Now the process of making a 'tie and dye' silk saree in Pochampally tradition will be much easier.

Mr Lalmuanzuala Chinzah, National Coordinator, Business Development & Micro Venture, National Innovation Foundation (NIF) told Fibre2fashion.com, “Traditionally, the process of making a tie and dye' Pochampally silk sari starts with the selection of silk thread. Using the process of Asu, a triangular shape is given to the threads and designs are drawn on this shape. Tying is done where required as per the design and the threads are then dyed in selected colours. Once dried and untied, the dyed silk threads are rolled into spindles. The spindles are used appropriately in looms and the sari is woven.”

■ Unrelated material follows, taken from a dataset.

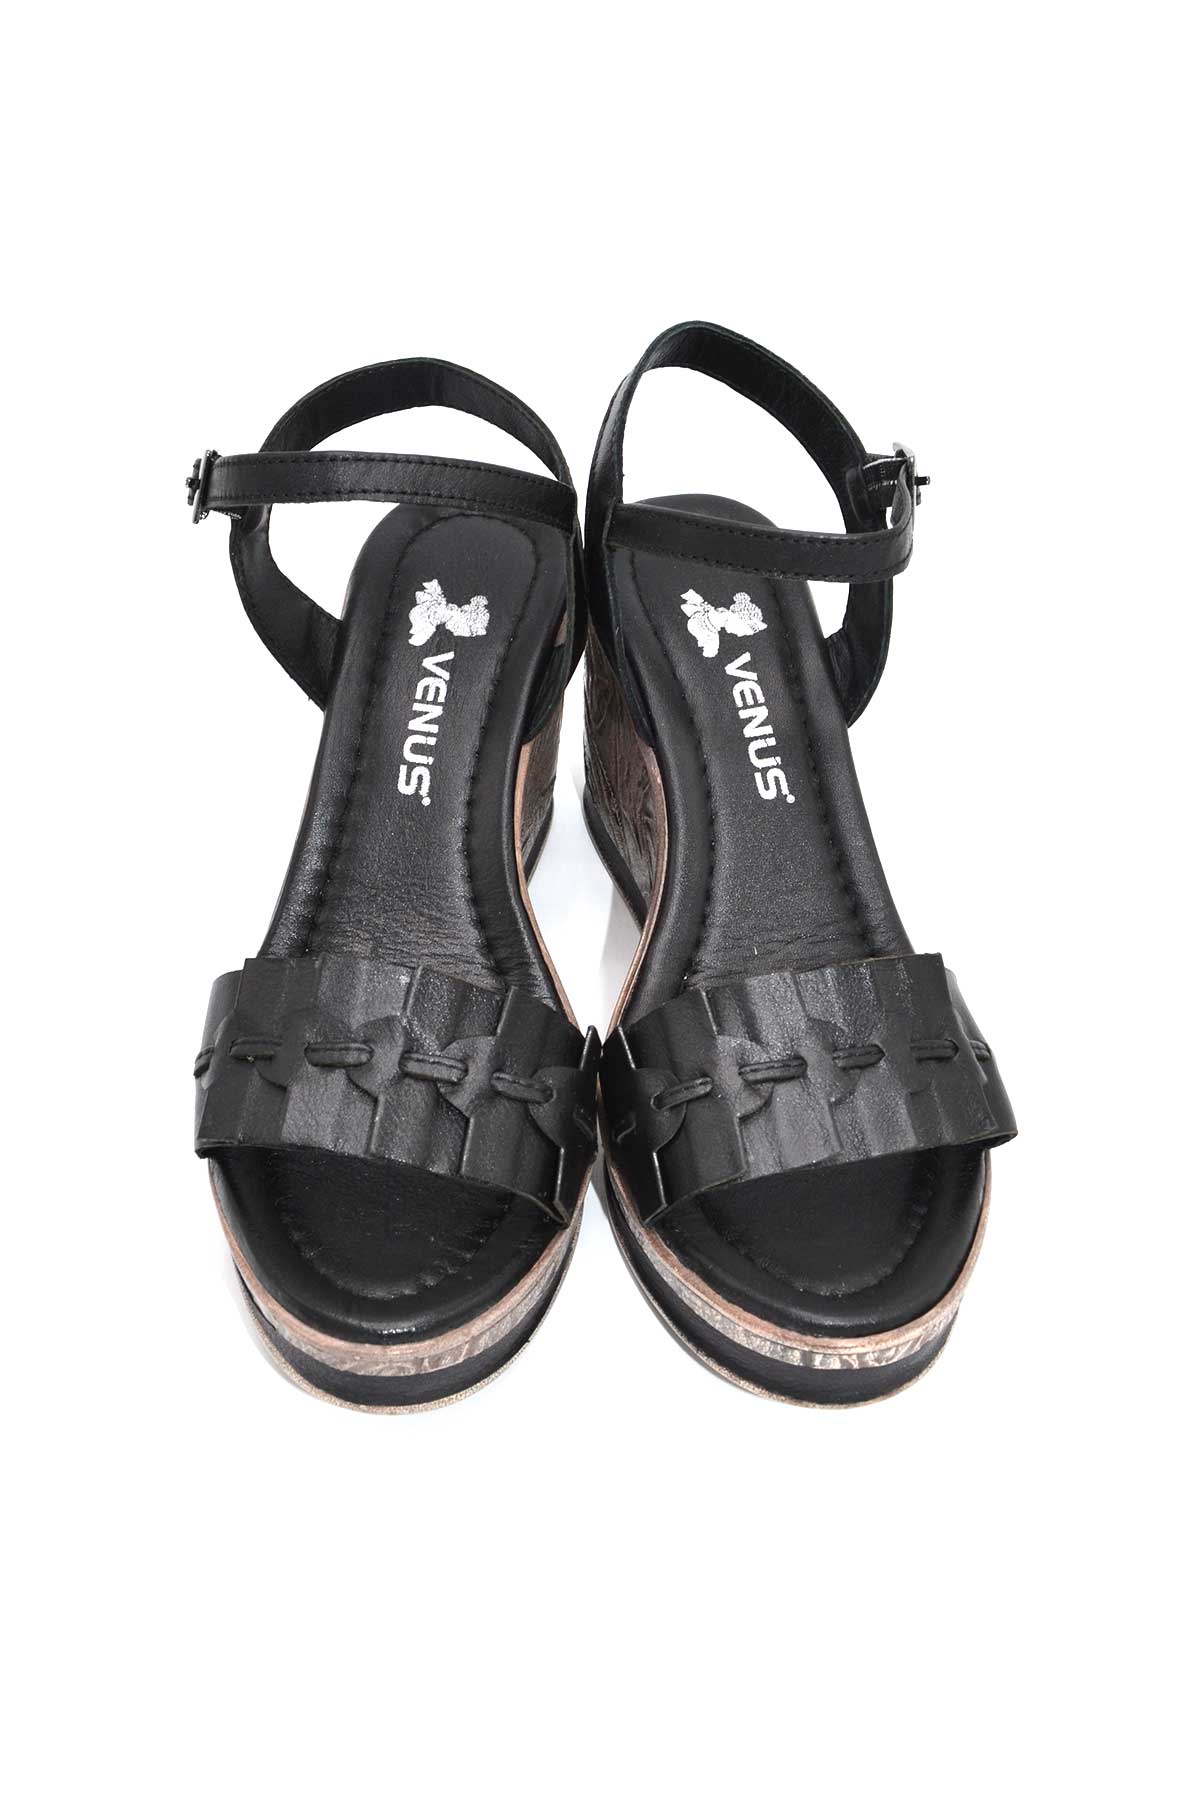 Kadın Dolgu Topuk Deri Sandalet Siyah 2015715Y

Weavers when create a sari manually, it takes them four hours to weave one sari, which means two sari each day. Enough concentration and good eyesight is the foremost requirement. Limited designs can be created and further weavers suffer from severe shoulder pains.

On the other hand, “Laxmi Asu machine will help weavers to weave one sari in just one and a half hours. Now weavers can make 8 saris each day. Wide varieties of designs can be made and one rupee is the cost of electricity each sari”, stated Mr Chinzah.

Separate work centers for only Asu have come up especially for those who could not afford a loom.

Ladies who up till now were engaged in manual Asu process have now learnt to weave on looms like men. It enhanced the income of the family and also the hitherto male bastion has been encroached by women. The weaver community accepted this new role for women as it only brought higher income to the family.